**Task objective:**
The line with "Dublin, Co Dublin, Ireland, Moore" marks the first line to copy, and the line with "Landa Giraavaru Island" marks the last. Transcribe that stretch of the data below exactly, without pictures.

**Records provided:**
######
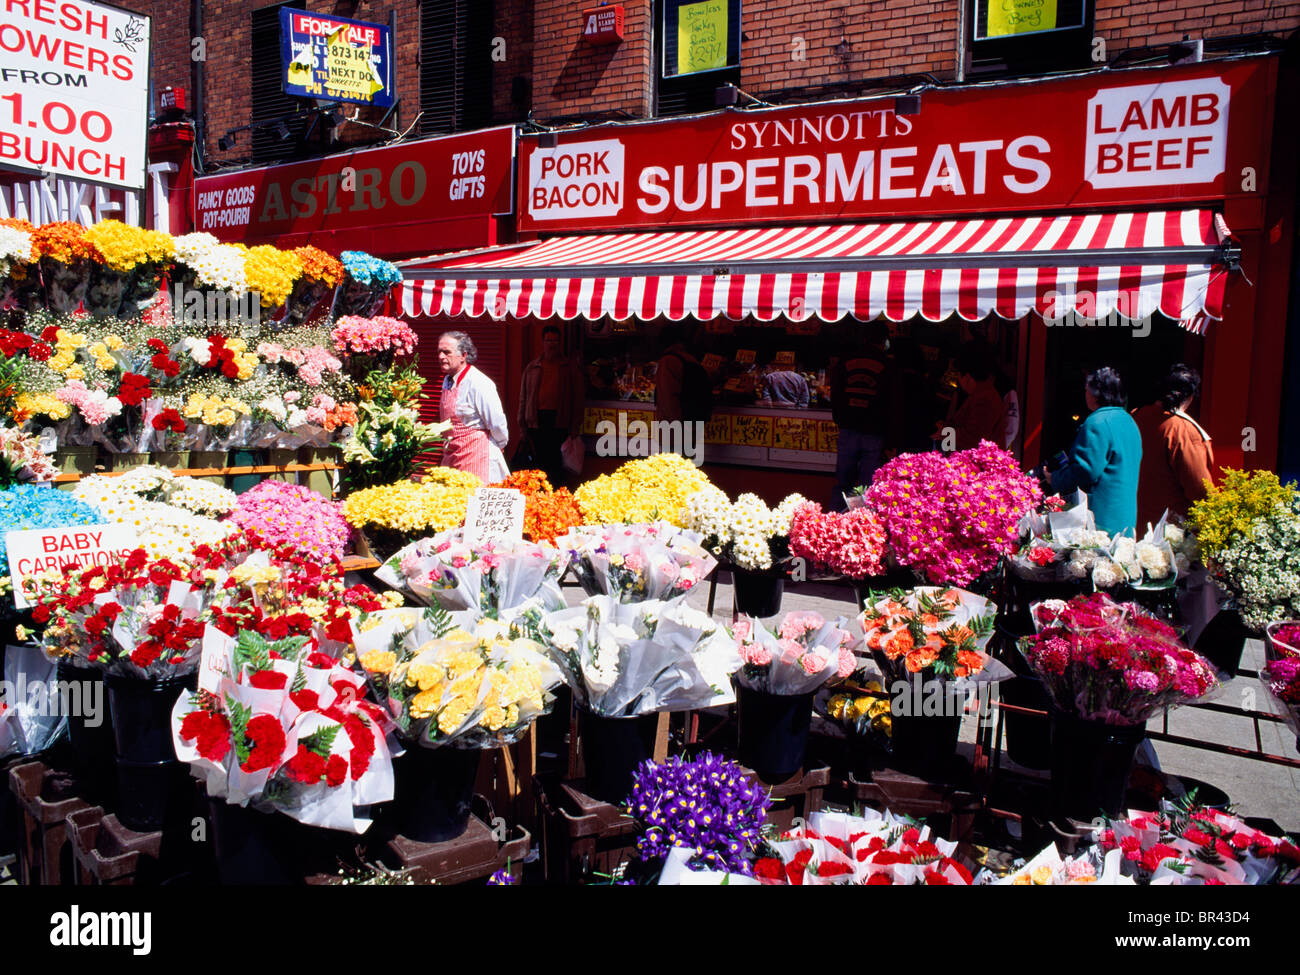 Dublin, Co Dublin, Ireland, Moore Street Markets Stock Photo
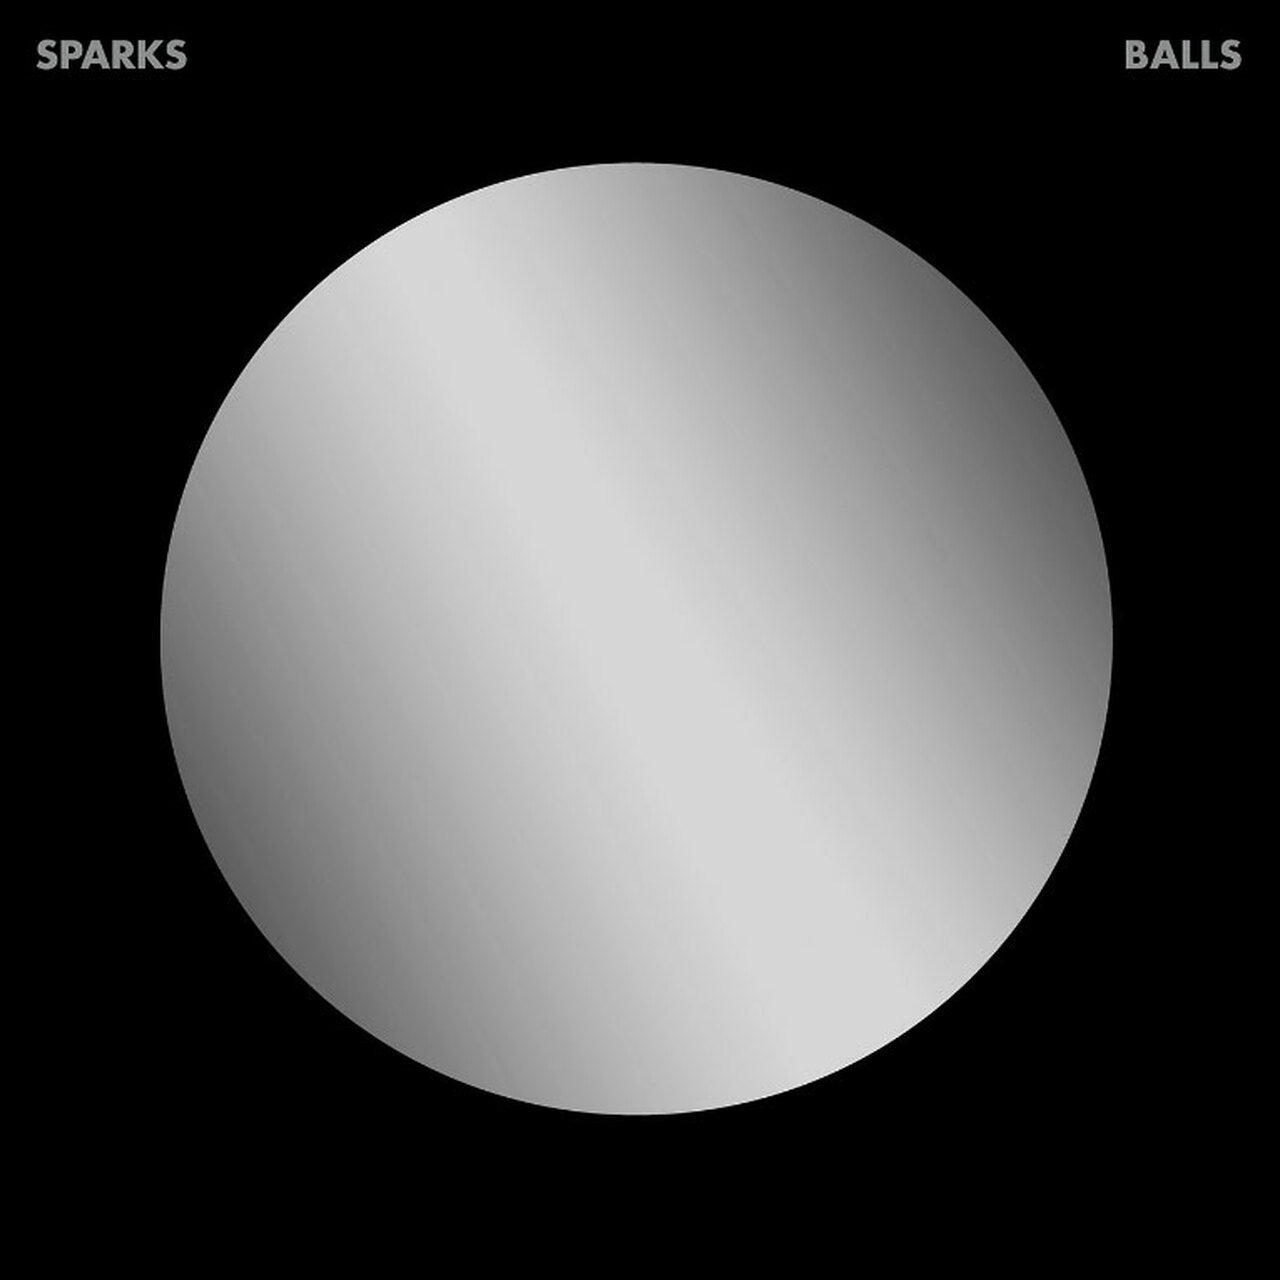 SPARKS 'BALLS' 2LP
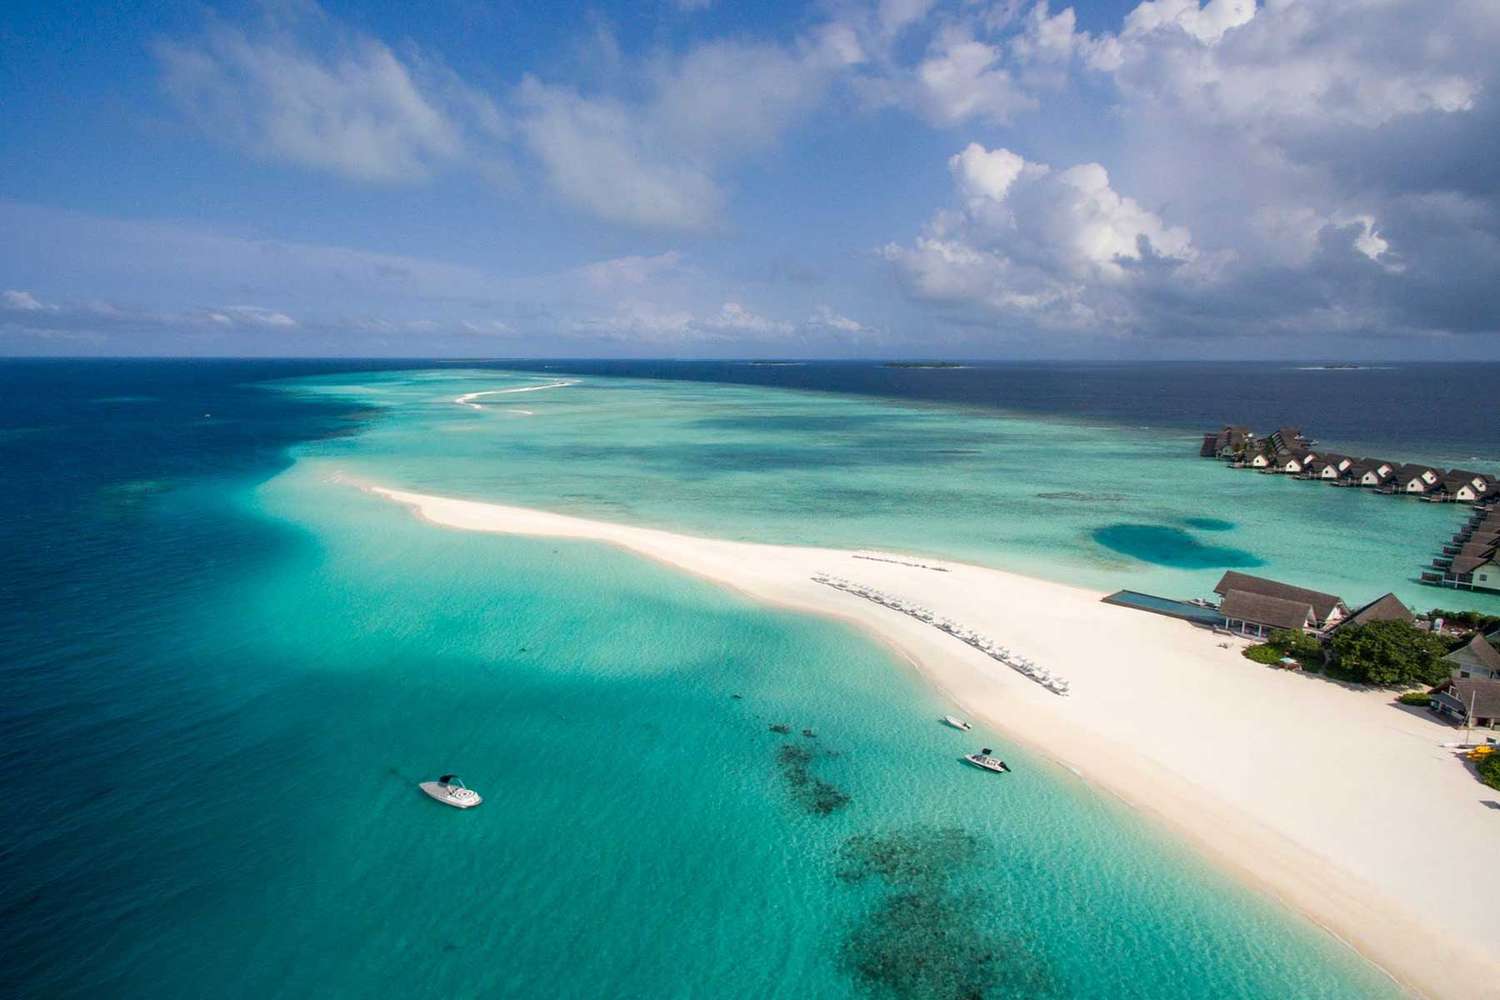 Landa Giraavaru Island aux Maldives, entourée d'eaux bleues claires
######
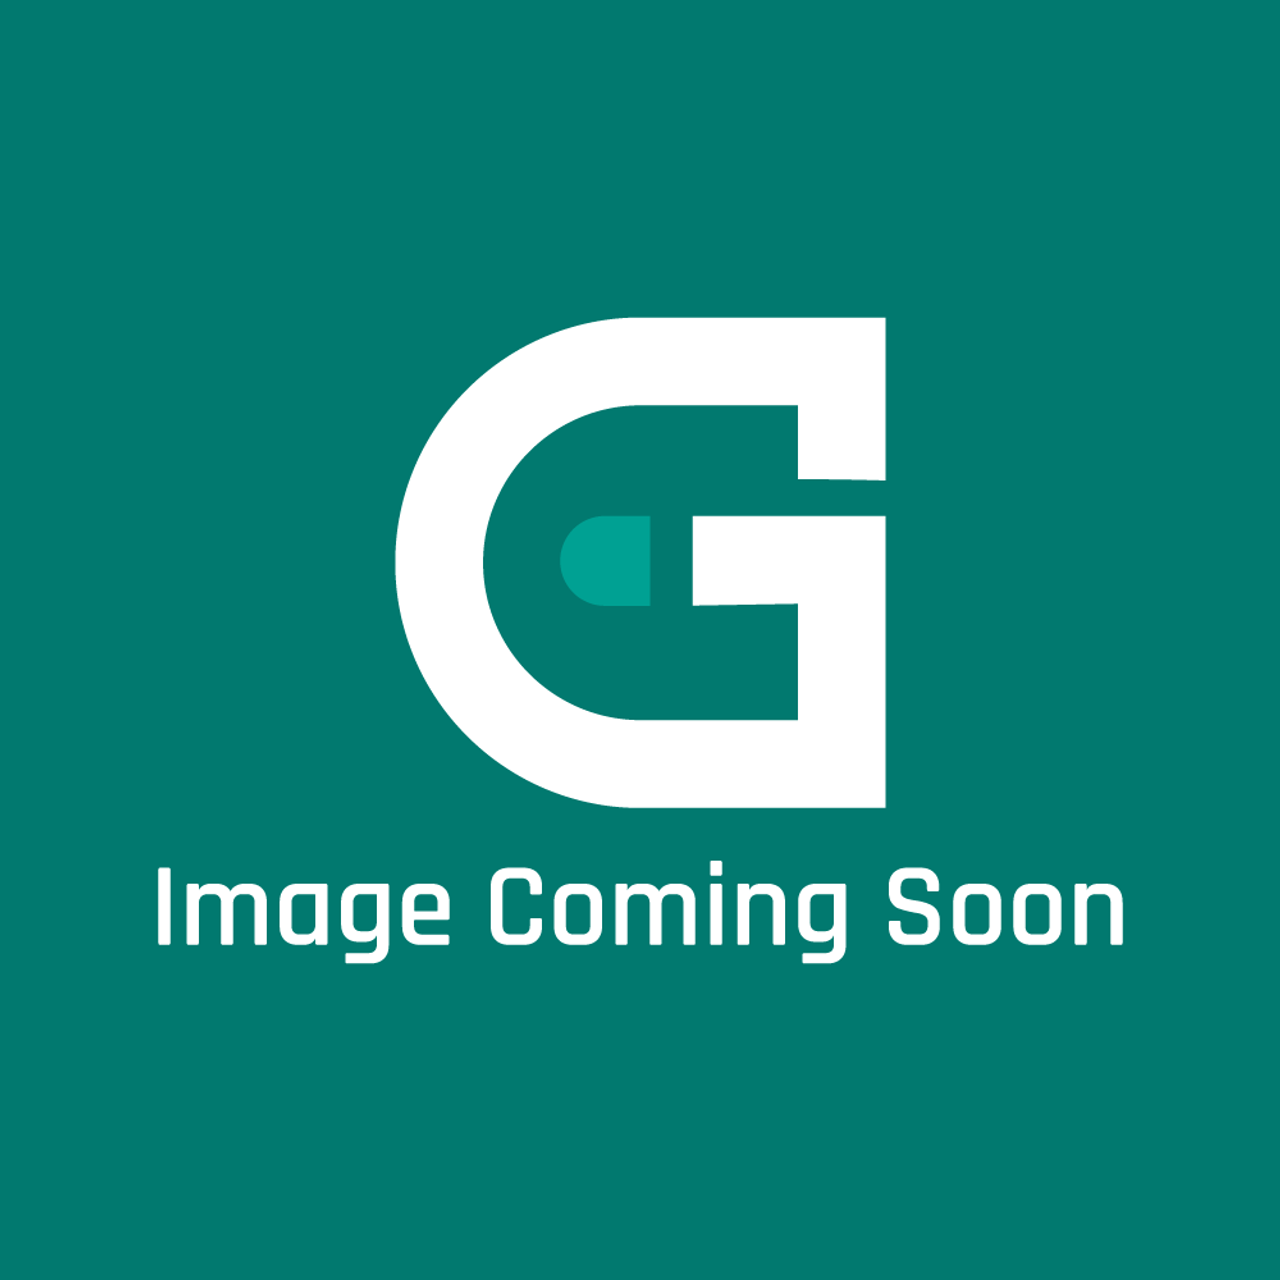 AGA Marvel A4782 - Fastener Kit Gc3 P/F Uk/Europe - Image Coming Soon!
######
**Solved exercise:**
 Dublin, Co Dublin, Ireland, Moore Street Markets Stock Photo
 SPARKS 'BALLS' 2LP
 Landa Giraavaru Island aux Maldives, entourée d'eaux bleues claires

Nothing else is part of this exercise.